# From PyTorch to Neural Posterior Estimation

In this notebook, we'll build up to **Neural Posterior Estimation (NPE)** step by step:

1. **Part 1: PyTorch Primer** - The building blocks of deep learning
2. **Part 2: The Inverse Problem** - Why we need distributions, not point estimates
3. **Part 3: Neural Posterior Estimation** - Learning to approximate the posterior

We'll use a simple 1D example throughout to build intuition.

In [None]:
import math
import matplotlib.pyplot as plt
import torch
import torch.nn as nn
from torch.optim import Adam
from torch.utils.data import TensorDataset, DataLoader

torch.manual_seed(42);

---
## Part 1: PyTorch Primer

Before we dive into NPE, let's review the **5 key ingredients** of deep learning in PyTorch:

1. A **dataset**
2. A **neural network**
3. A **loss function**
4. An **optimizer**
5. A **training loop**

### Our Running Example

We have a simulator that generates data:
$$x = f(\theta) + \epsilon = \theta + 0.3\sin(2\pi\theta) + \epsilon$$

where $\theta \sim \mathcal{U}(0,1)$ is our parameter and $\epsilon \sim \mathcal{N}(0, 0.05)$ is noise.
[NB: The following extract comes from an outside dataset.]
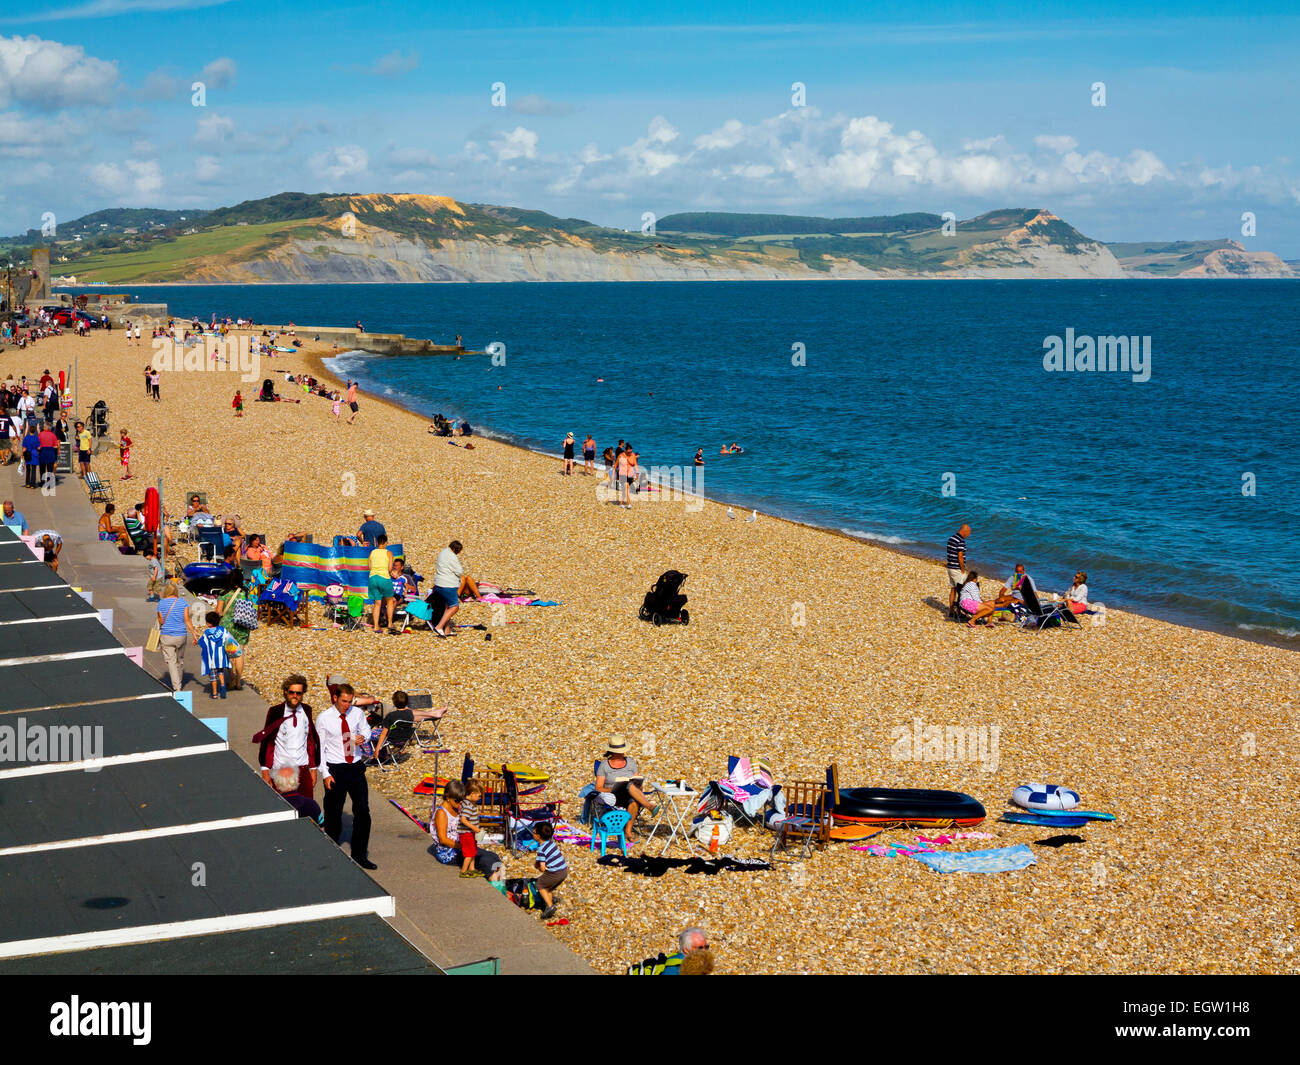 The beach at  Lyme Regis Dorset England UK with dramatic sandstone cliffs at Golden Cap and the Jurassic Coast visible beyond Stock Photo

Think of this as a tiny "simulator" - given a parameter $\theta$, it produces an observation $x$.

In [None]:
# Generate data: simulate many (theta, x) pairs
n_samples = 1000
theta = torch.rand((n_samples, 1))  # prior samples
noise = torch.randn((n_samples, 1)) * 0.05
x = theta + 0.3 * torch.sin(2 * math.pi * theta) + noise  # simulated observations

# Visualize
plt.figure(figsize=(6, 4))
plt.scatter(theta, x, s=5, alpha=0.5)
plt.xlabel(r"$\theta$ (parameter)")
plt.ylabel(r"$x$ (observation)")
plt.title("Simulated data: 1000 $(\\theta, x)$ pairs")
plt.show()

### Ingredient 1: Dataset

PyTorch provides `TensorDataset` and `DataLoader` to handle batching and shuffling.

In [None]:
# Wrap data in a Dataset and DataLoader
dataset = TensorDataset(theta, x)
dataloader = DataLoader(dataset, batch_size=64, shuffle=True)

# Example: get one batch
theta_batch, x_batch = next(iter(dataloader))
print(f"Batch shapes: theta={theta_batch.shape}, x={x_batch.shape}")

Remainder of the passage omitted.